Tidak berhenti sampai di situ, Dia juga berencana untuk memangun studio offline TanganDia yang nantinya bisa digunakan untuk pelatihan merajut.

Impian untuk Bisa Berdayakan Sesama Perempuan

Saat ini, selain fokus pada penjualan produk rajutannya, Dia juga membuka kursus atau pelatihan merajut untuk para ibu rumah tangga. Ia ingin membantu para ibu bisa memanfaatkan waktunya dengan kegiatan positif.

Sumber: Instagram @tangandia

Kemudian, ia juga memiliki harapan nantinya akan semakin banyak ibu yang bisa merajut dan membantunya dalam proses produksi TanganDia.

“Harapannya yang pasti semoga semakin banyak yang bisa merajut karena saya memiliki harapan ingin menambah pegawai dan membantu ibu ibu rumah tangga agar memiliki kesempatan untuk berkegiatan yang lain selain berdiam dirumah.”

Teknologi adalah Proses Menjadi Bisa Karena Terbiasa

Meski kini sudah banyak UMKM yang berhasil memanfaatkan teknologi, tapi masih banyak pula UMKM lainnya yang masih takut dan tidak bisa untuk memulainya. Dia pun memberi saran untuk jangan pernah takut dalam mencoba. Bisa karena terbiasa.

“Kalo saran dari saya, sih, jangan pernah takut untuk mencoba atau terjun langsung dalam proses digitalisasi. Sebenarnya bukan tidak bisa, namun hanya belum terbiasa. Jika dibiasakan saya yakin akan bisa, karena hal tersebut akan dilakukan secara terulang yang membuat kita mahir atau bisa. Intinya bukan tidak bisa tapi hanya belum terbiasa.”

Berani berinovasi, pantang menyerah, dan terus bermimpi besar adalah beberapa hal yang bisa diambil dari kisah yang dibagikan oleh Dia dalam perjalanannya membangun TanganDia. Tiga hal itu juga yang membawa Dia bisa bermanfaat untuk sesama melalui pelatihan yang ia adakan.
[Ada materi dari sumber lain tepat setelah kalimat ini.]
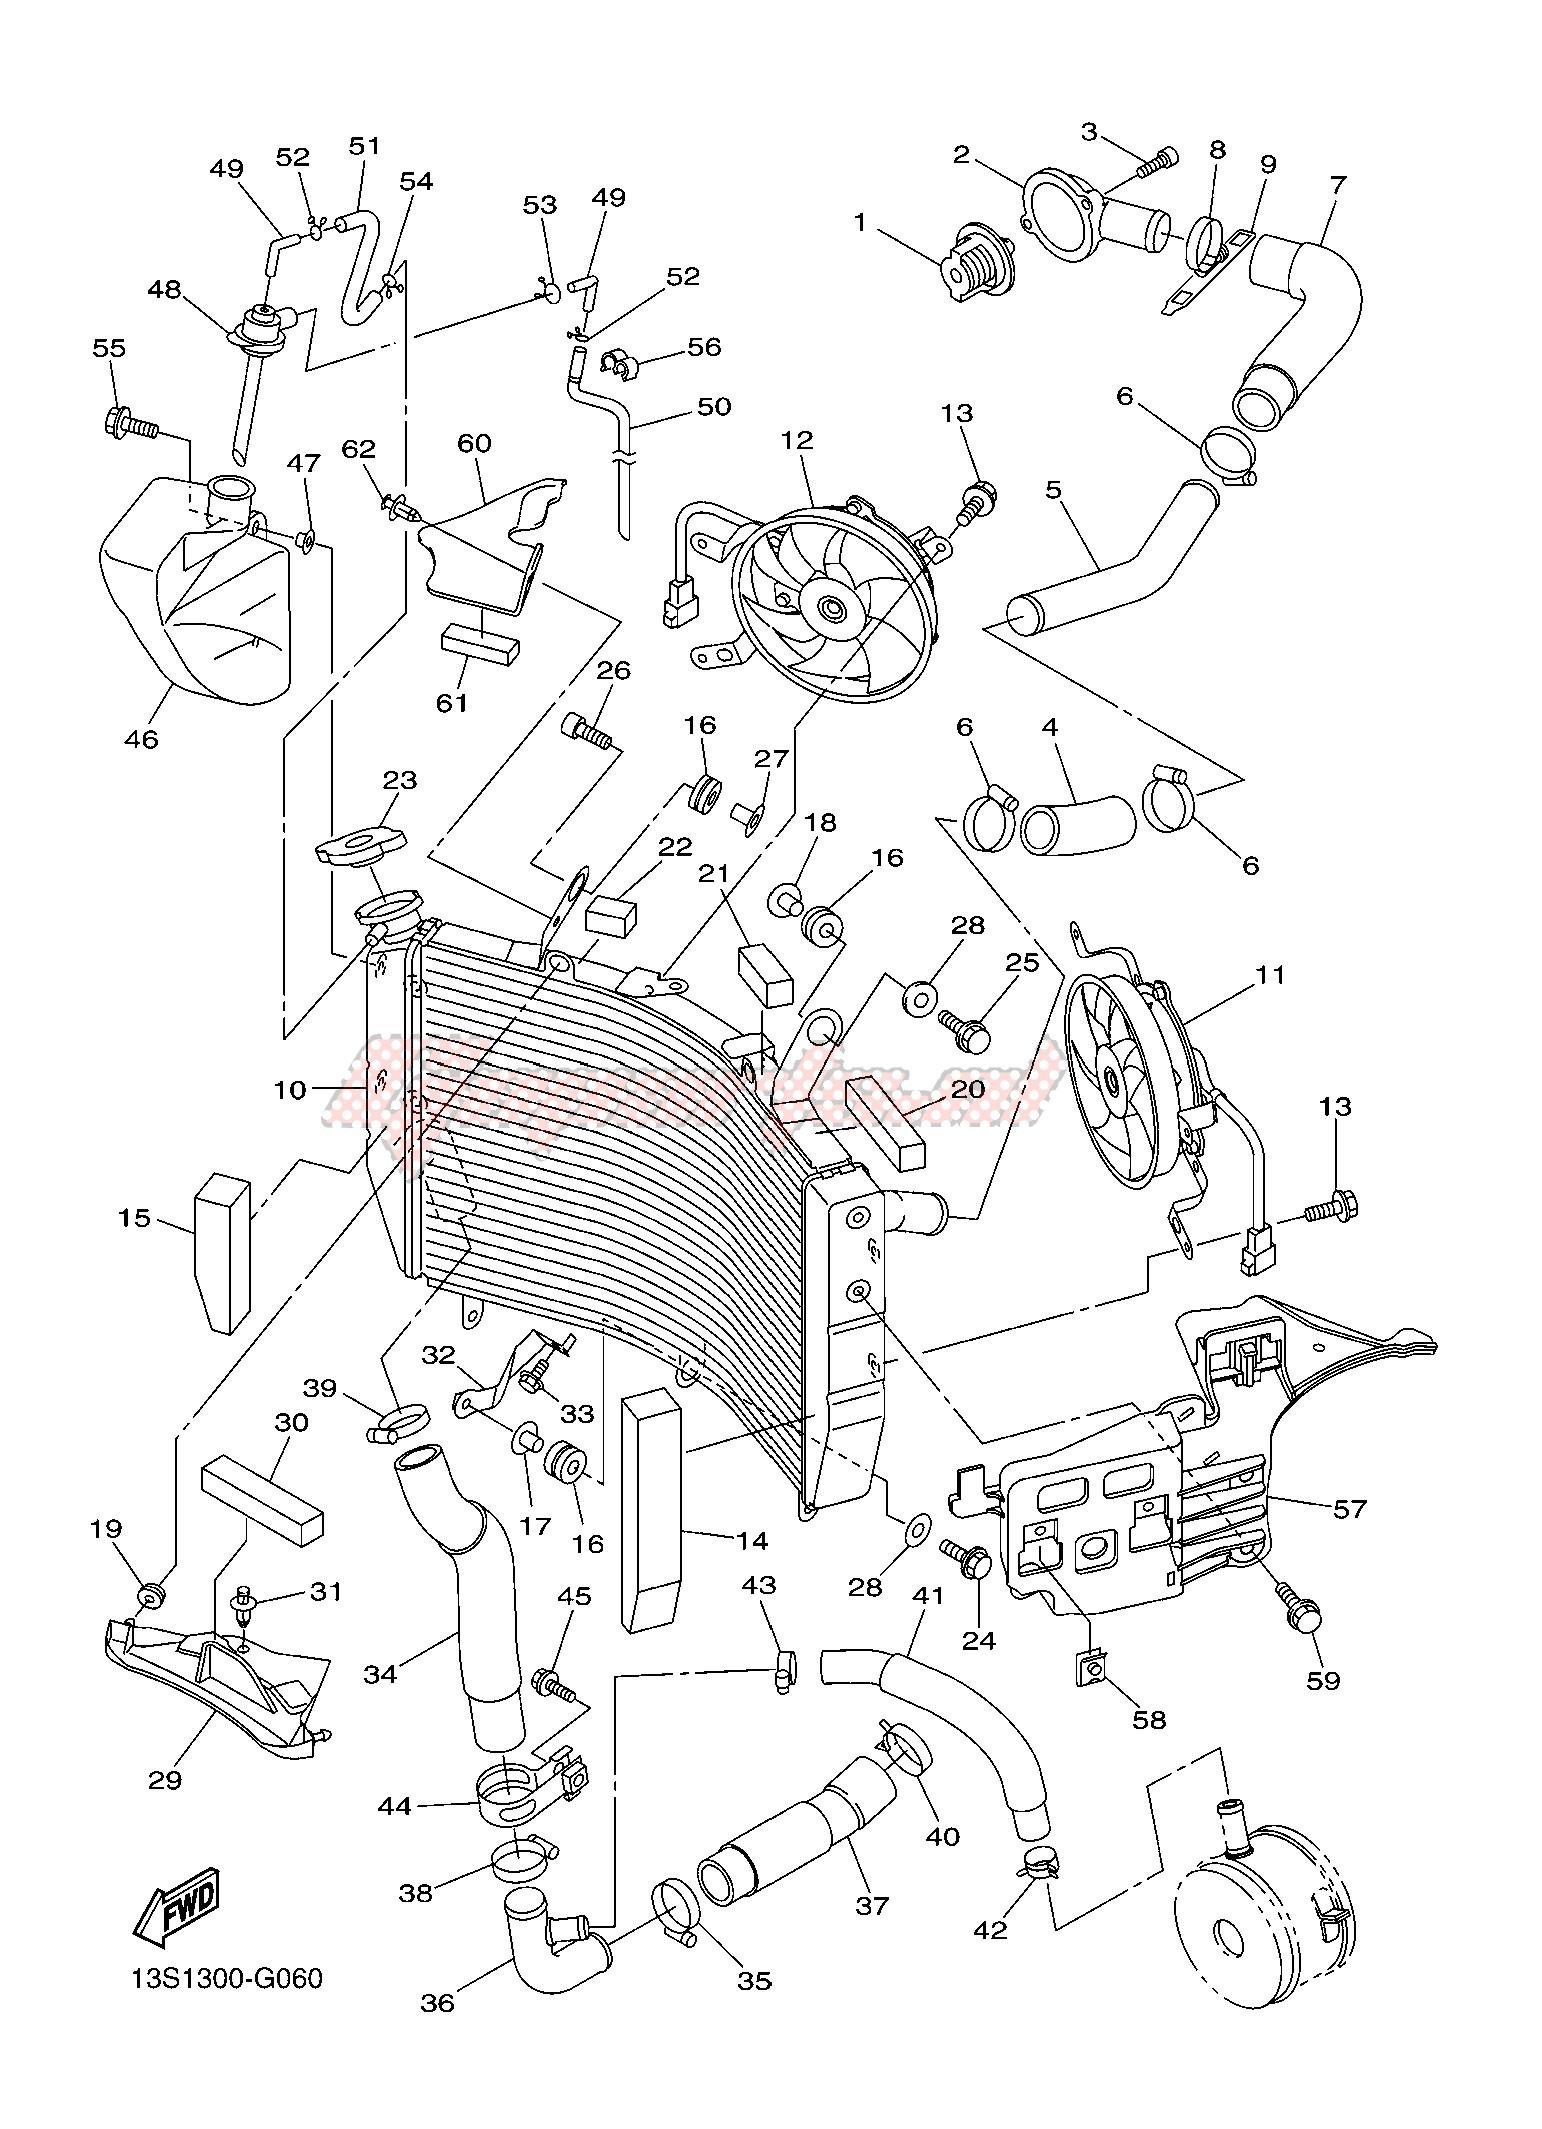 [DIAGRAM_5NL]  OEM RADIATOR & HOSE - (Yamaha [Motorcycle] YZF-R6 600 R6 (2CXE 2CXF) / 2015)  | Goparts | 2015 Moto Yamaha R6 Engine Diagram |  | Goparts
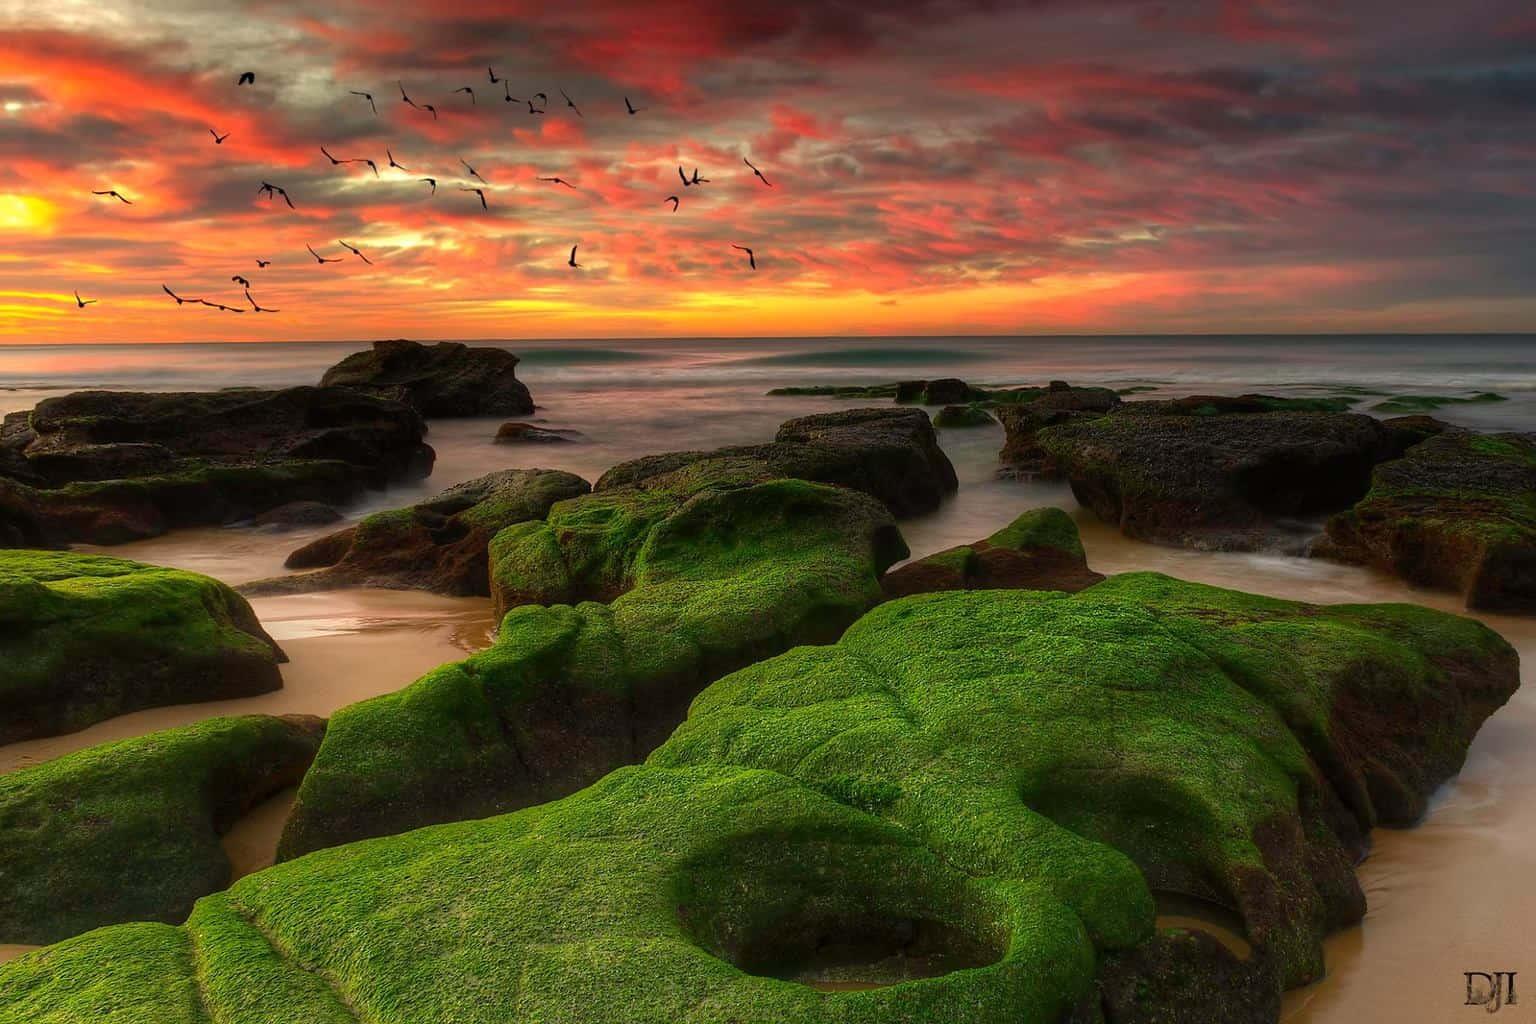 Sunrise from Merewether Beach Newcastle Australia.

Sejak awal berdiri hingga sekarang, TanganDia juga tak pernah luput memanfaatkan berbagai kemudahan yang diberikan di era digital. Bahkan ia pun berencana untuk terus mengembangkan TanganDia dengan bantuan digitalisasi. Karena baginya, selama berani mencoba, semua bisa menjadi mungkin.